Problems of approximation of functions of this kind often arise:

    when constructing approximate formulas for calculating the values ​​of the characteristic quantities of the process under study according to the tabular data obtained as a result of the experiment;

    in numerical integration, differentiation, solving differential equations, etc.;

    if it is necessary to calculate the values ​​of functions at intermediate points of the considered interval;

    when determining the values ​​of the characteristic quantities of the process outside the interval under consideration, in particular, when forecasting.

If, in order to model a certain process specified by a table, a function is constructed that approximately describes this process based on the least squares method, it will be called an approximating function (regression), and the task of constructing approximating functions itself will be an approximation problem.

This article discusses the possibilities of the MS Excel package for solving such problems, in addition, methods and techniques for constructing (creating) regressions for tabularly given functions (which is the basis of regression analysis) are given.

There are two options for building regressions in Excel.

    Adding selected regressions (trendlines) to a chart built on the basis of a data table for the studied process characteristic (available only if a chart is built);

    Using the built-in statistical functions of the Excel worksheet, which allows you to get regressions (trend lines) directly from the source data table.

Adding Trendlines to a Chart

For a table of data describing a certain process and represented by a diagram, Excel has an effective regression analysis tool that allows you to:

    build on the basis of the least squares method and add to the diagram five types of regressions that model the process under study with varying degrees of accuracy;

    add an equation of the constructed regression to the diagram;

    determine the degree of compliance of the selected regression with the data displayed on the chart.

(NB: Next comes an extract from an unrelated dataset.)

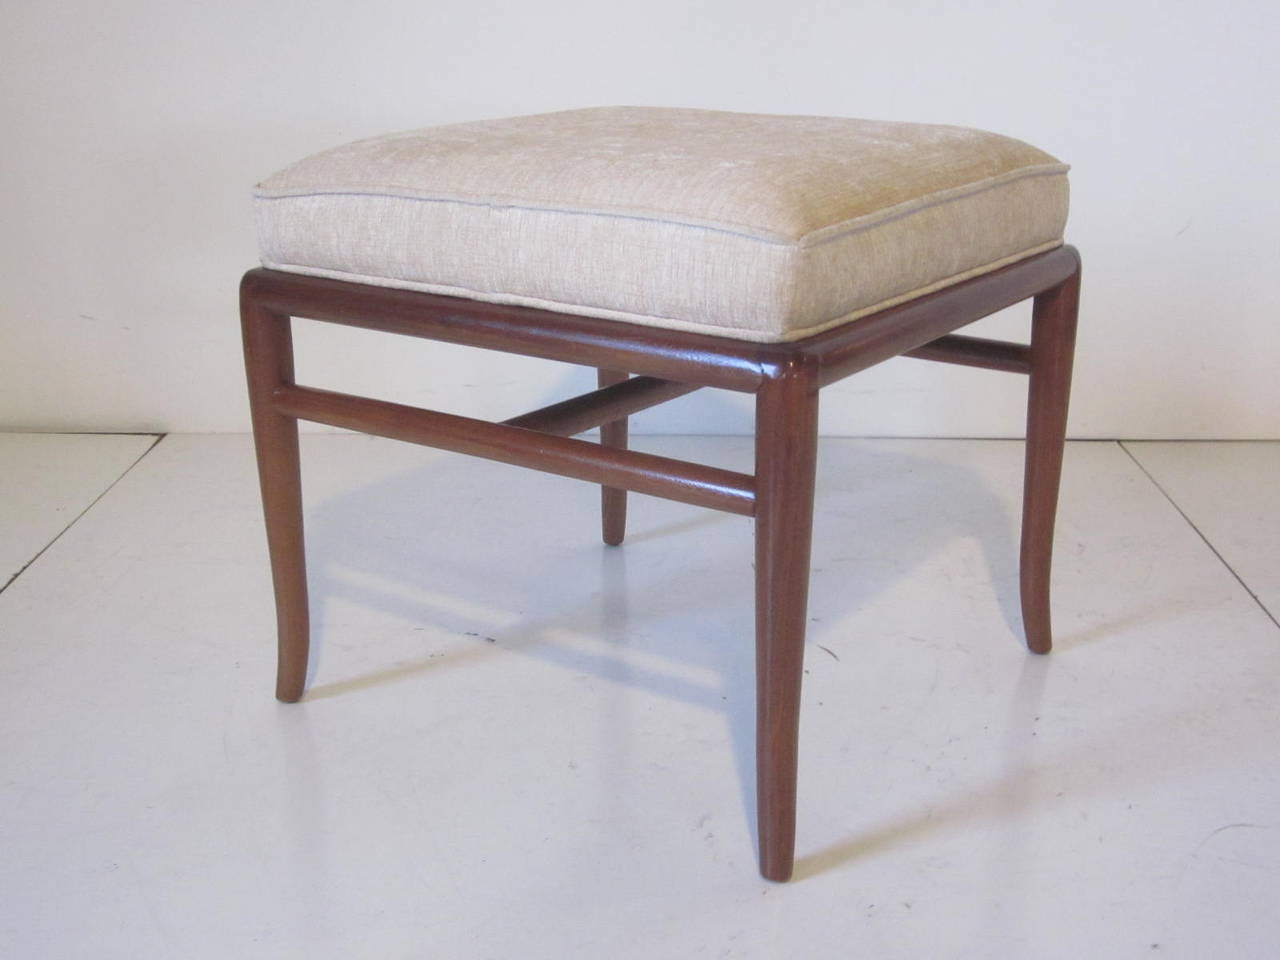 Upholstered stool with medium dark mahogany sabre wood legs and stretchers manufactured by the Widdicomb Furniture Company.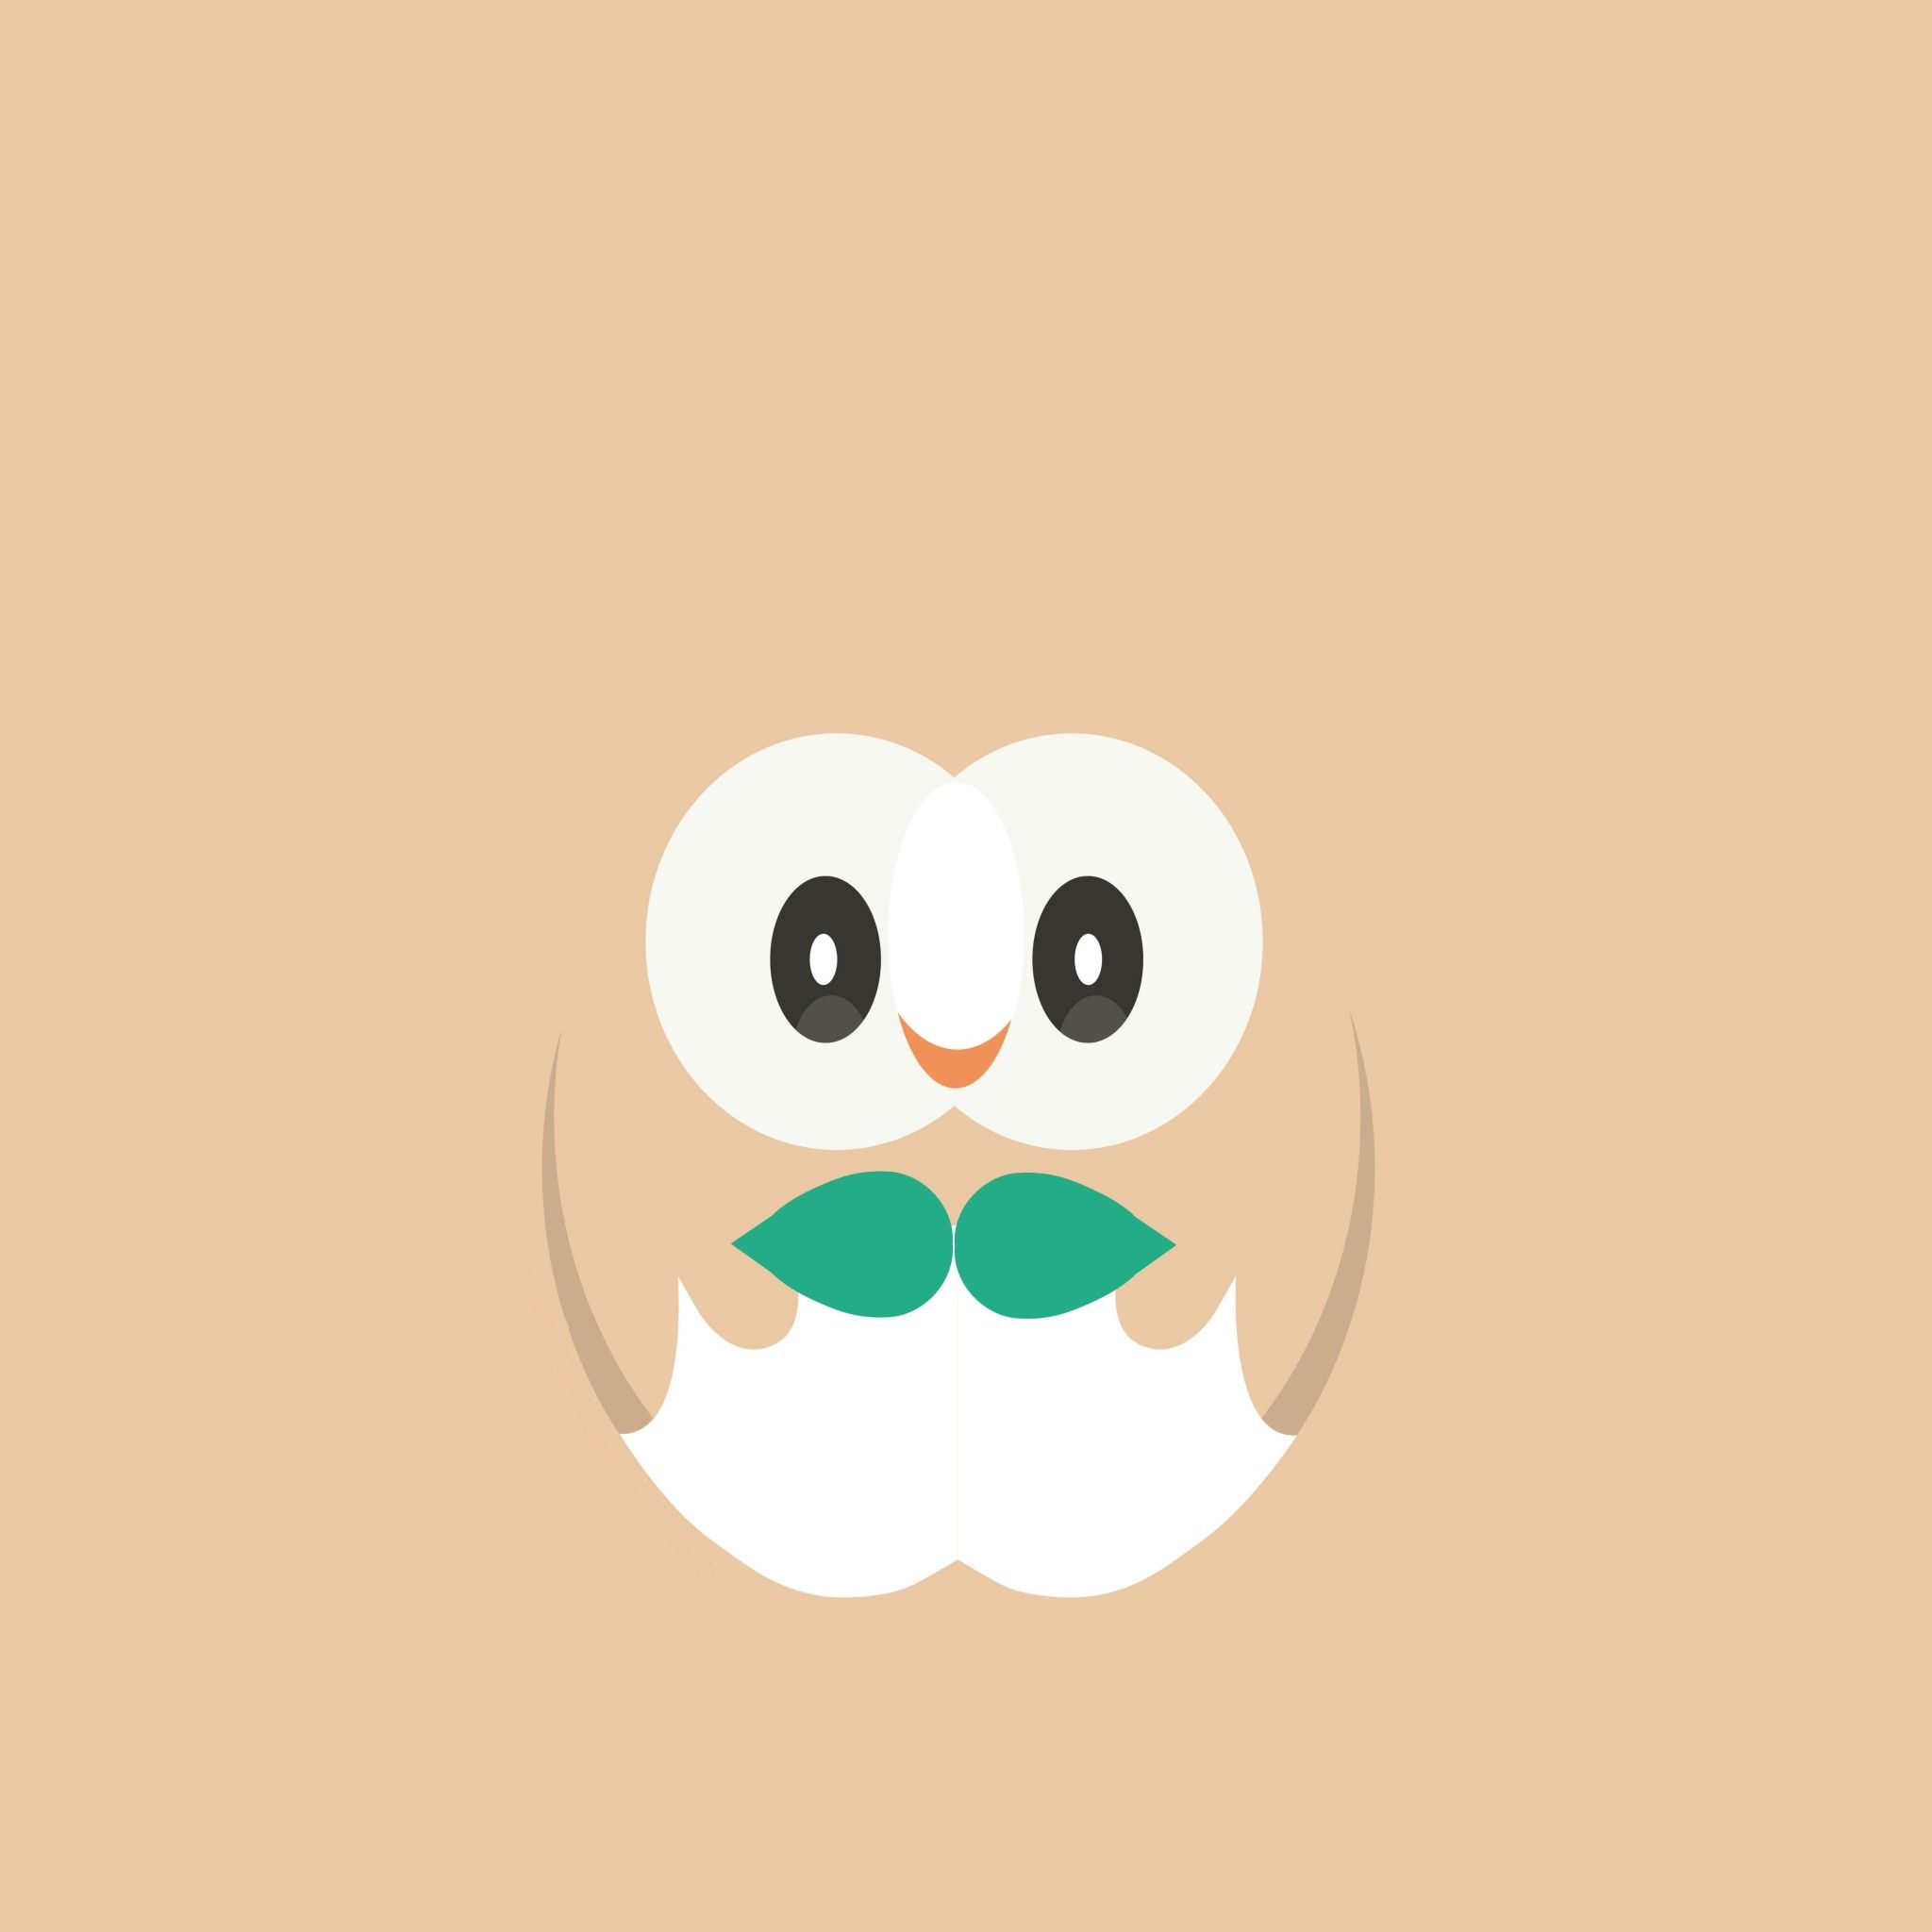 Rowlet Pokemon Tap To See More Of The Cutest Art

Based on the chart data, Excel allows you to get linear, polynomial, logarithmic, exponential, exponential types of regressions, which are given by the equation:

y = y(x)

where x is an independent variable, which often takes the values ​​of a sequence of natural numbers (1; 2; 3; ...) and produces, for example, a countdown of the time of the process under study (characteristics).

1 . Linear regression is good at modeling features that increase or decrease at a constant rate. This is the simplest model of the process under study. It is built according to the equation:

y=mx+b

where m is the tangent of the slope of the linear regression to the x-axis; b - coordinate of the point of intersection of the linear regression with the y-axis.

2 . A polynomial trendline is useful for describing characteristics that have several distinct extremes (highs and lows). The choice of the degree of the polynomial is determined by the number of extrema of the characteristic under study. Thus, a polynomial of the second degree can well describe a process that has only one maximum or minimum; polynomial of the third degree - no more than two extrema; polynomial of the fourth degree - no more than three extrema, etc.

In this case, the trend line is built in accordance with the equation:

y = c0 + c1x + c2x2 + c3x3 + c4x4 + c5x5 + c6x6

where the coefficients c0, c1, c2,... c6 are constants whose values ​​are determined during construction.

3 . The logarithmic trend line is successfully used in modeling characteristics, the values ​​of which change rapidly at first, and then gradually stabilize.

y = c ln(x) + b

4 . The power trend line gives good results if the values ​​of the studied dependence are characterized by a constant change in the growth rate. An example of such a dependence can serve as a graph of uniformly accelerated movement of the car. If there are zero or negative values ​​in the data, you cannot use a power trend line.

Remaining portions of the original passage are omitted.